English merchant and Deputy Governor of Bombay

George Weldon (died 1697) was an English merchant and the Deputy Governor of Bombay.

==Life==
John Ovington described Weldon as "a gentleman well descended". According to one source, he was Deputy Governor of Bombay from 1688, succeeding on the death of Sir John Wyborne. Another source puts John Vaux, and George Cooke who died, between Wyborne and Weldon, who was Deputy Governor from 1690.

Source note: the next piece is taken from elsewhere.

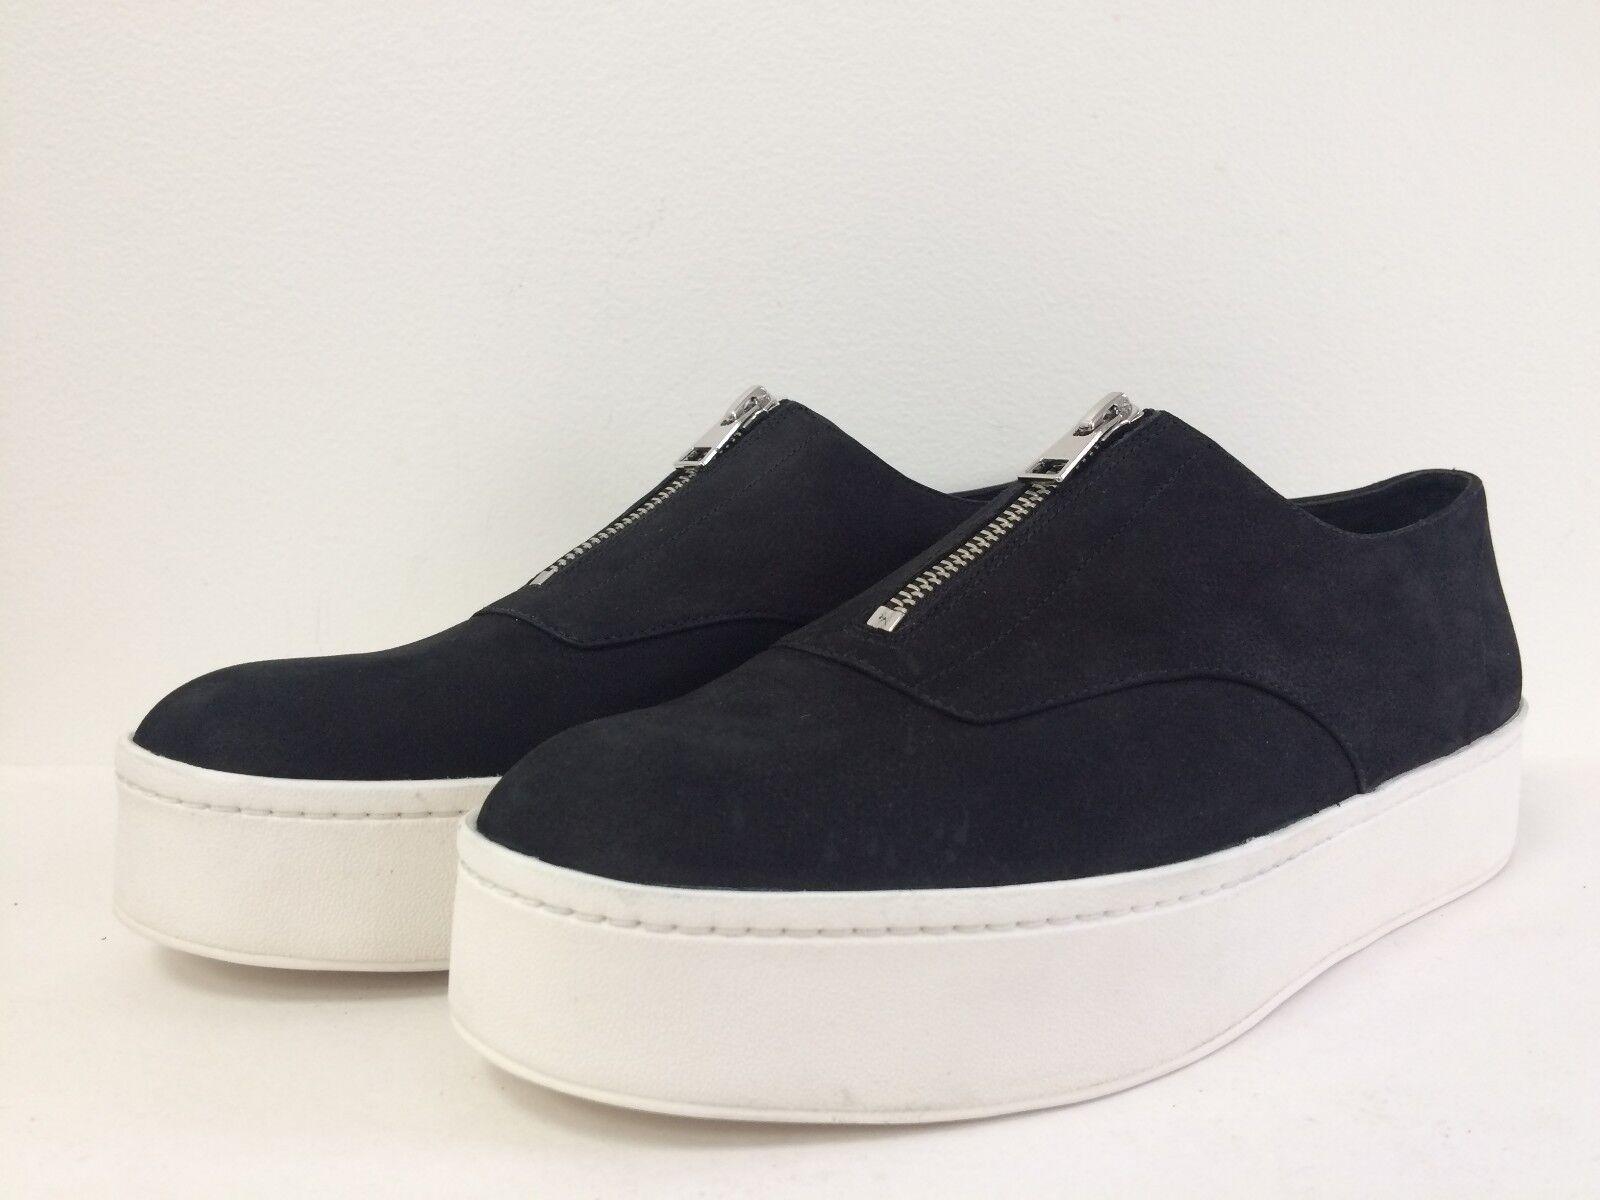 New VINCE Warner Nubuck Leder Sneaker Platform Slip On Zip Sneaker Leder BLK Grau 8.5 9 9.5 3976c3

In 1689 Weldon, described as a factor, was sent to Vasai (Bassein) with Abraham Navarro, by Sir John Child, 1st Baronet as Governor. The mission was to treat for terms with the Mughals; Child died in 1690 before they returned to Bombay. Aurangzeb settled the state of war that had existed with the East India Company in February 1690, on heavy conditions.
Weldon died on his voyage back to England and was buried in Mauritius in 1697.

==Family==
Weldon married Susannah, the widow of Sir John Child, in 1692; she was the daughter of Captain John Shaxton or Shackstone, a previous Deputy Governor.

==Legacy==
Susannah Weldon erected a monument on his grave that served as a landmark for shipping. Its location became known as Baie du Tombeau (Tomb Bay), which may refer to Weldon's monument, or an earlier loss of Dutch ships there in 1615.